* **PROBLEM REQUIREMENTS**
For the listing below, return the line containing "На карте отмечены", the line containing "K18WG flower citrine earrings 6.14CT", and all lines in between, exactly as written and nothing else.

Top of RECORDS FOR THIS TASK

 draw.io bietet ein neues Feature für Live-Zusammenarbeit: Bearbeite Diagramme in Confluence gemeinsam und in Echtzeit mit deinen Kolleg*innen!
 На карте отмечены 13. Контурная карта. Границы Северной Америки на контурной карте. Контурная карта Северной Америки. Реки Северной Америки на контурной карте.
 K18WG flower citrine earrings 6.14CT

Bottom of RECORDS FOR THIS TASK
Top of RECORDS FOR THIS TASK

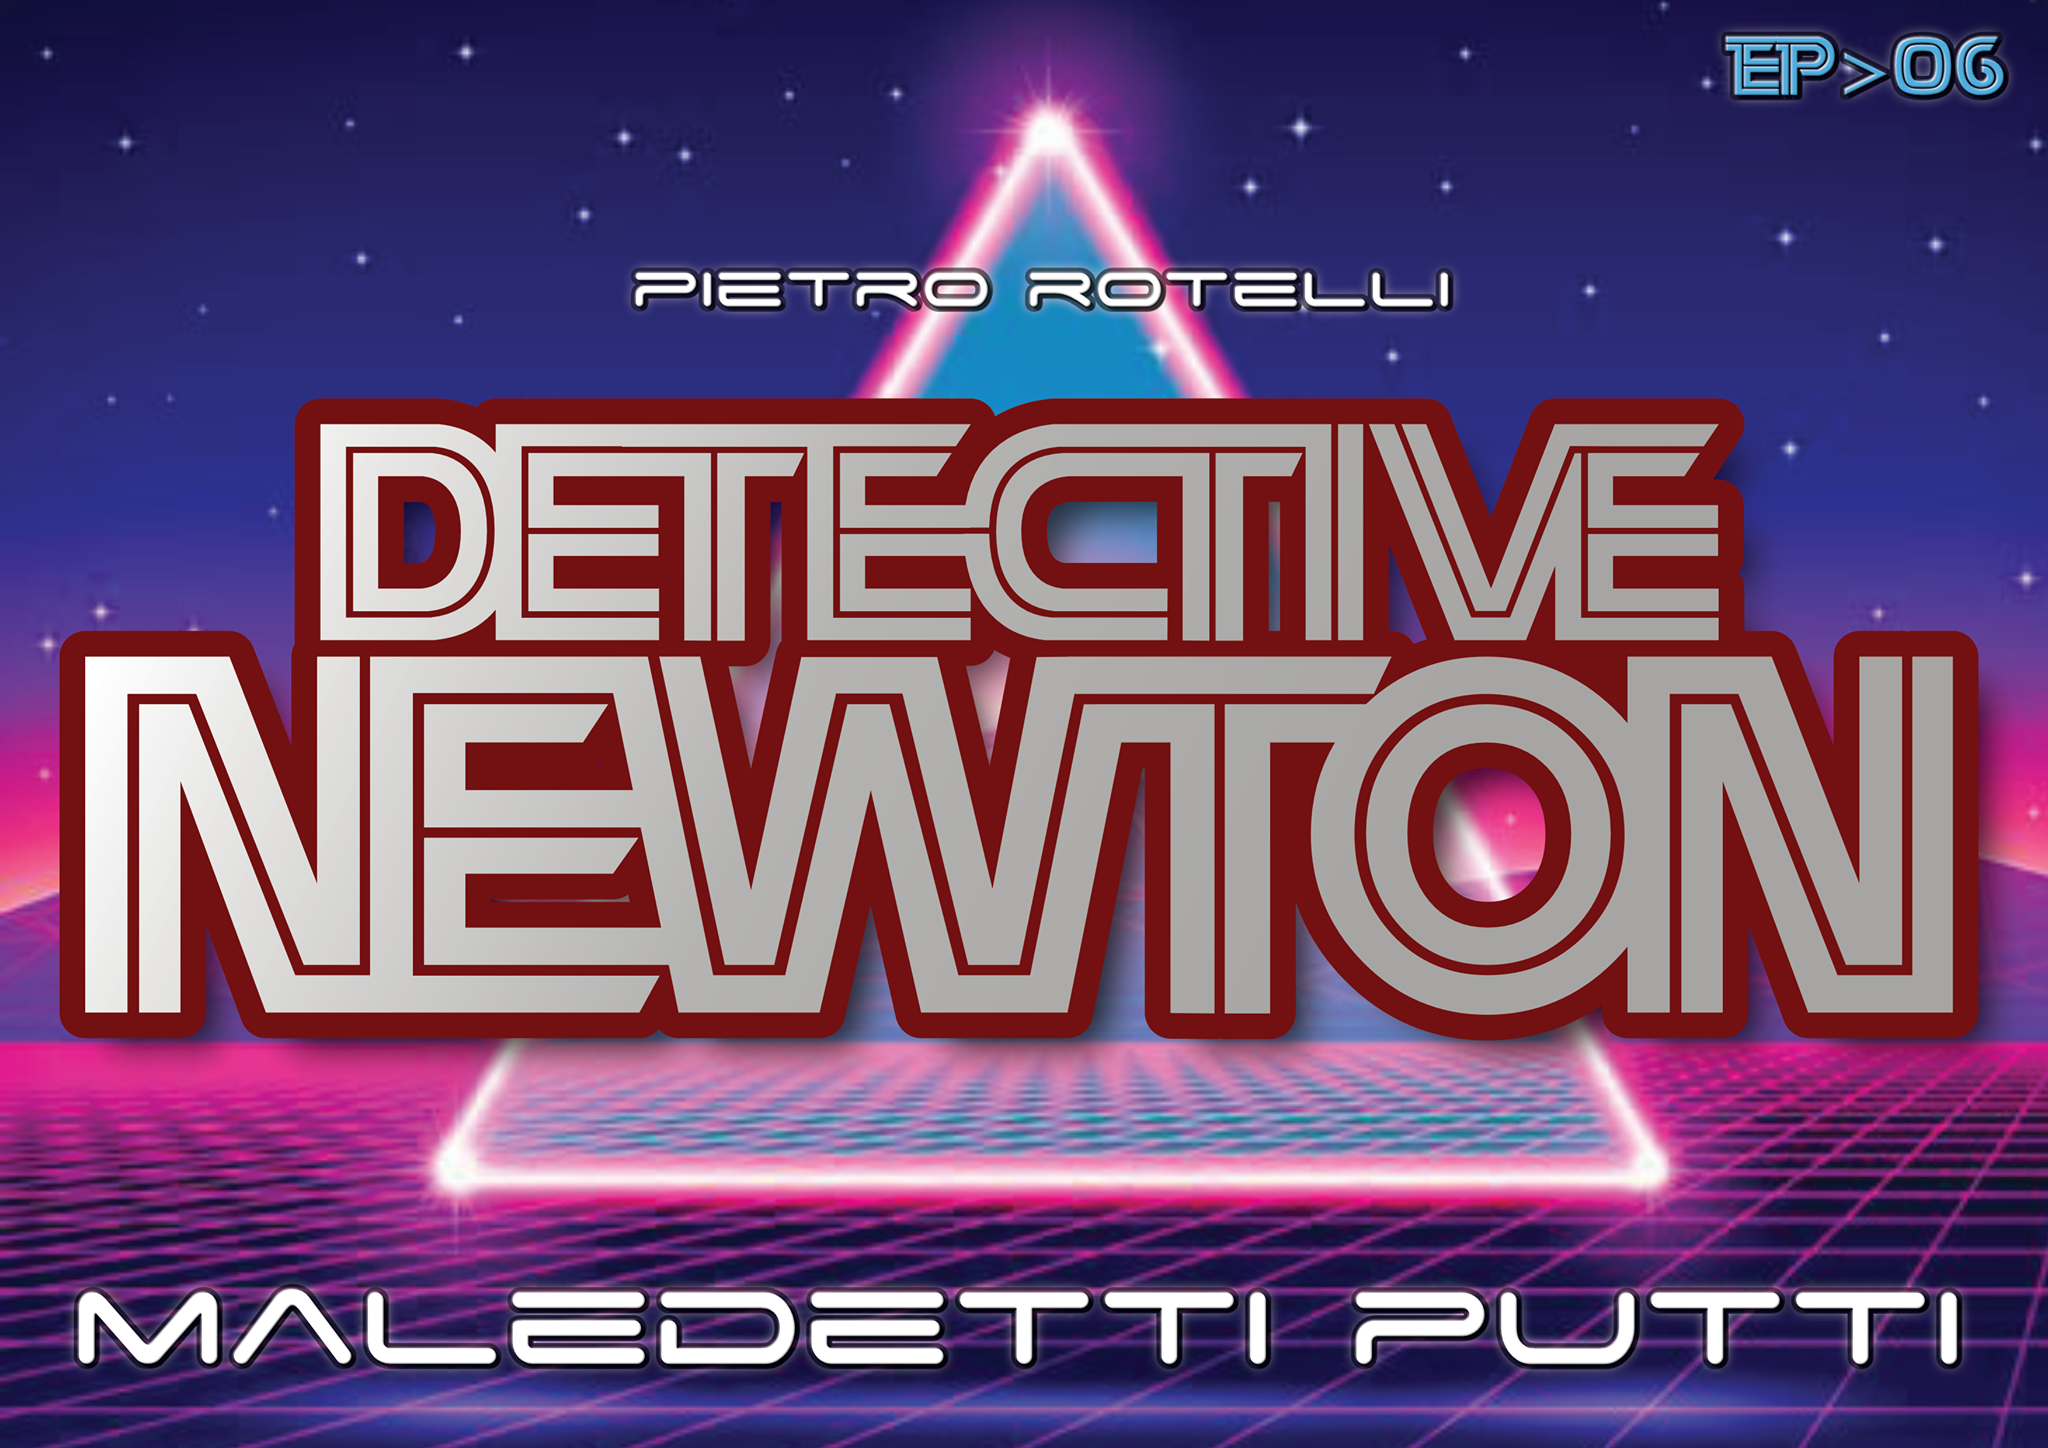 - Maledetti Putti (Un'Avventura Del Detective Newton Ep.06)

Bottom of RECORDS FOR THIS TASK
Top of RECORDS FOR THIS TASK

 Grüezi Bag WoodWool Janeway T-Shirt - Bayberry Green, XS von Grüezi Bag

Bottom of RECORDS FOR THIS TASK

* **ANSWER SPACE**
 На карте отмечены 13. Контурная карта. Границы Северной Америки на контурной карте. Контурная карта Северной Америки. Реки Северной Америки на контурной карте.
 K18WG flower citrine earrings 6.14CT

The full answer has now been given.